I don't think a further adjustment is needed for the differences between overall pitching talent between leagues in a season, because it just seems off that there could be 12 teams in a league and only 10 #1 starters, or 14 #1 starters. It's easier to accept that one team could have two or even three of the #1 starters and others have none, than to have the number of #1 starters not even equal the number of teams in the league.
9:22 AM Aug 13th
 
LoradoTaftWright
Regarding the Pittsburgh team for which Murry Dickson pitched for several seasons. I was just re-watching "On the Waterfront", a movie made in the heart of that period (1954). At the start of the movie Joey Doyle is murdered. Thirteen minutes into the movie, Doyle’s father gives a friend Joey’s windbreaker. "Thanks, Pop," says the friend. "Mine’s more full of holes than the Pittsburgh infield."


......

See, the first few times I read that I was flummoxed. How full of holes could the friend's have been if Joey's bullet-riddled one was an improvement? It's just now starting to sink in that Joey was probably wearing something else when he got whacked.
8:53 PM Aug 12th
 
bhalbleib
"Mine’s more full of holes than the Pittsburgh infield."

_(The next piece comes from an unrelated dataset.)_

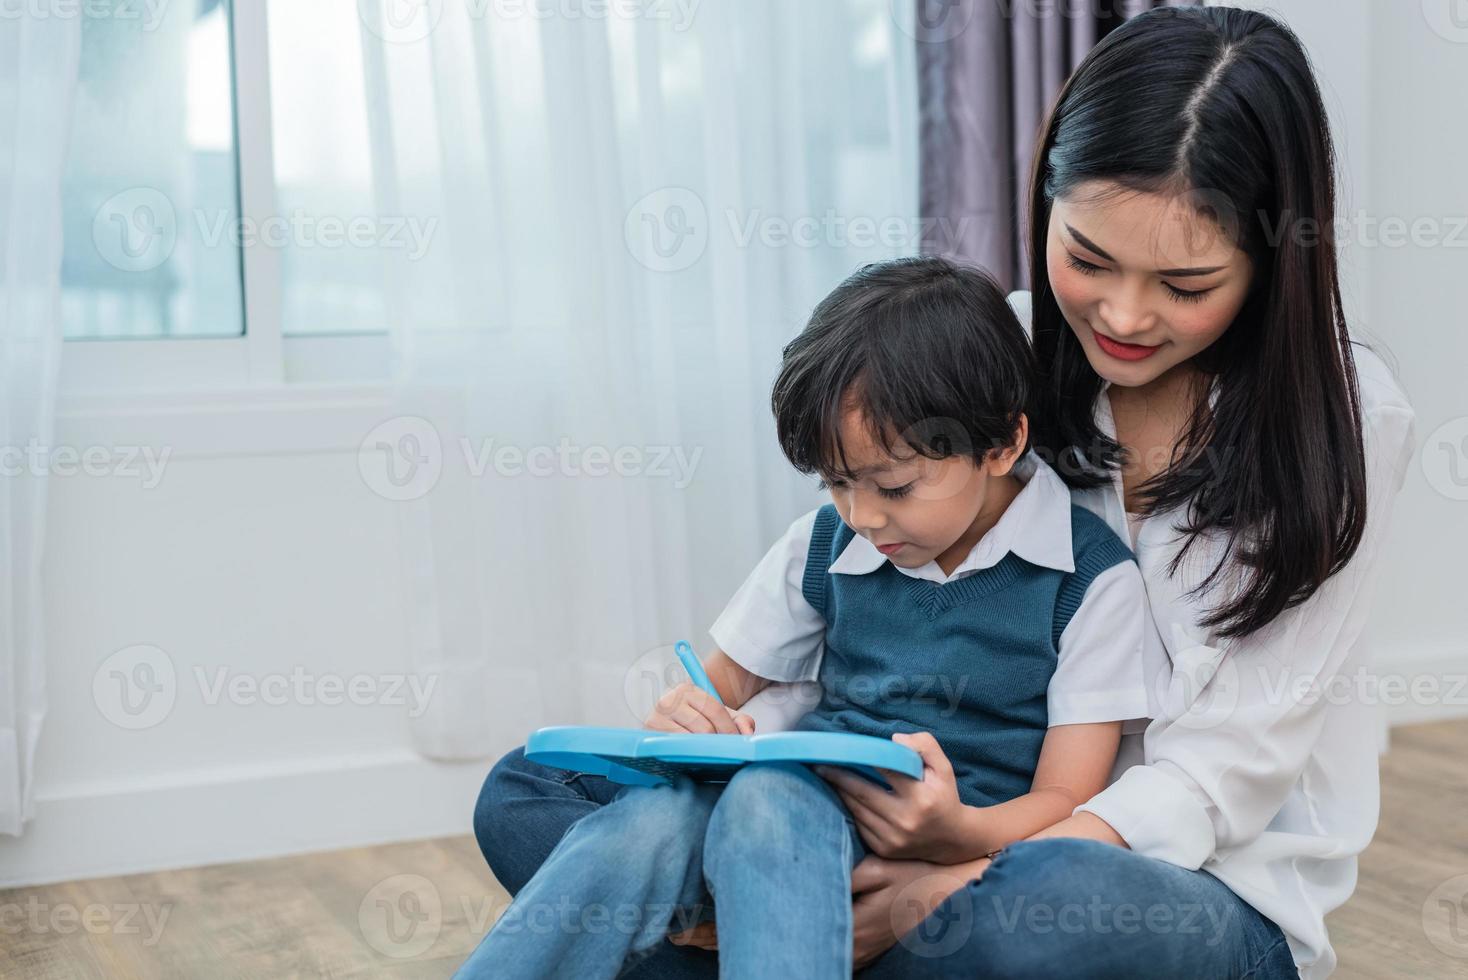 Aziatische moeder leert schattige jongen samen tekenen in schoolbord. terug naar school en onderwijsconcept. familie en home sweet home thema. thema voor kleuters foto
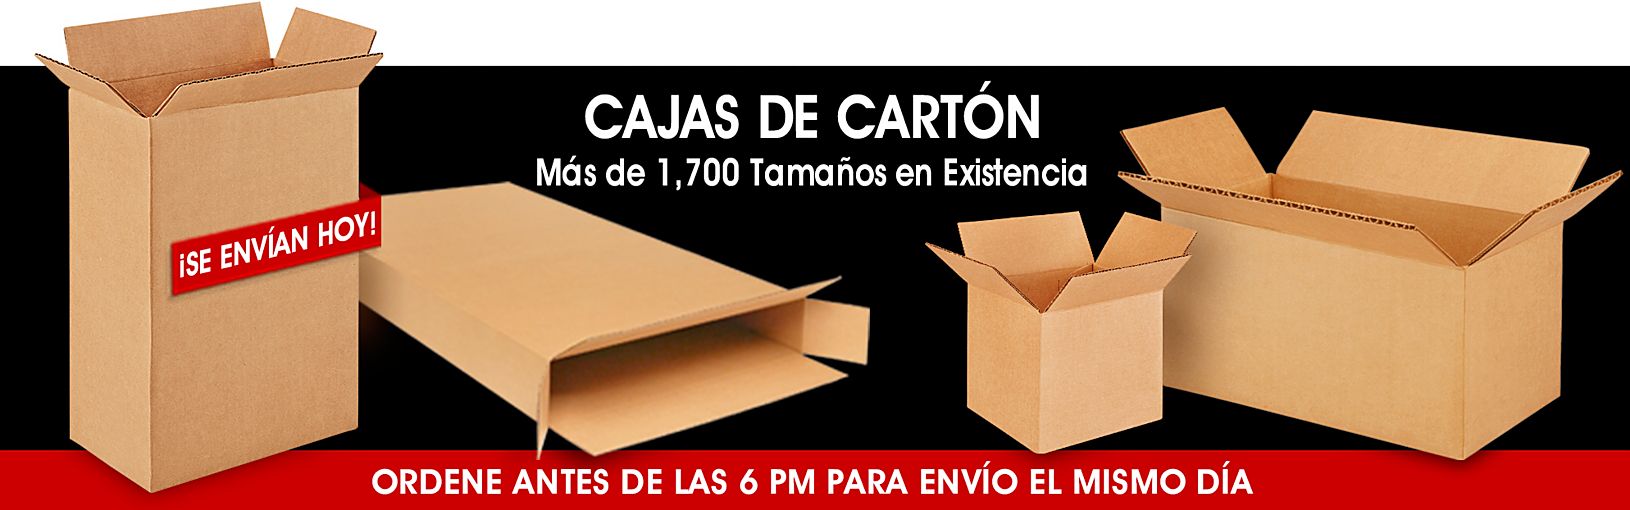 Cajas de Cartón - Más de 1,650 Tamaños de Cajas en Existencia. Ordene antes de las 6 PM para Envío el Mismo Día.

Additional fun fact: Pittsburgh's keystone combination in 1953, when I presume "On the Waterfront" was filmed, were 22 year old identical twin brother Bonus Babies, Edward and Johnnie O'Brien.
10:16 AM Aug 12th
 
shthar
yes, BIGGER font, please.
10:58 AM Aug 11th
 
W.T.Mons10
Speaking of Pedro Ramos, he led the league in losses 4 straight years, as did Phil Niekro.
9:07 PM Aug 10th
 
SteveN
Not to gripe, but, the font would work better for me if it was a tad larger.
8:08 PM Aug 10th
 
BenchWarmer
Dickson liked to square to bunt, and then swing hard, trying to get the batted ball past the third baseman.
7:52 PM Aug 10th
 
doncoffin
Dickson is credited (Baseball Reference) with 43 pitcher WAR. Here are his top 10 career similarity scores:

Howard Ehmke (931.6)
Camilo Pascual (923.4)
Danny Darwin (923.2)
Dizzy Trout (920.6)
Bill Lee (908.7)
Bullet Joe Bush (908.0)
Lee Meadows (906.8)
Pink Hawley (906.6)
Jim Slaton (906.0)
Bill Hutchison (904.7)

I'd say that's not a bad set of comps.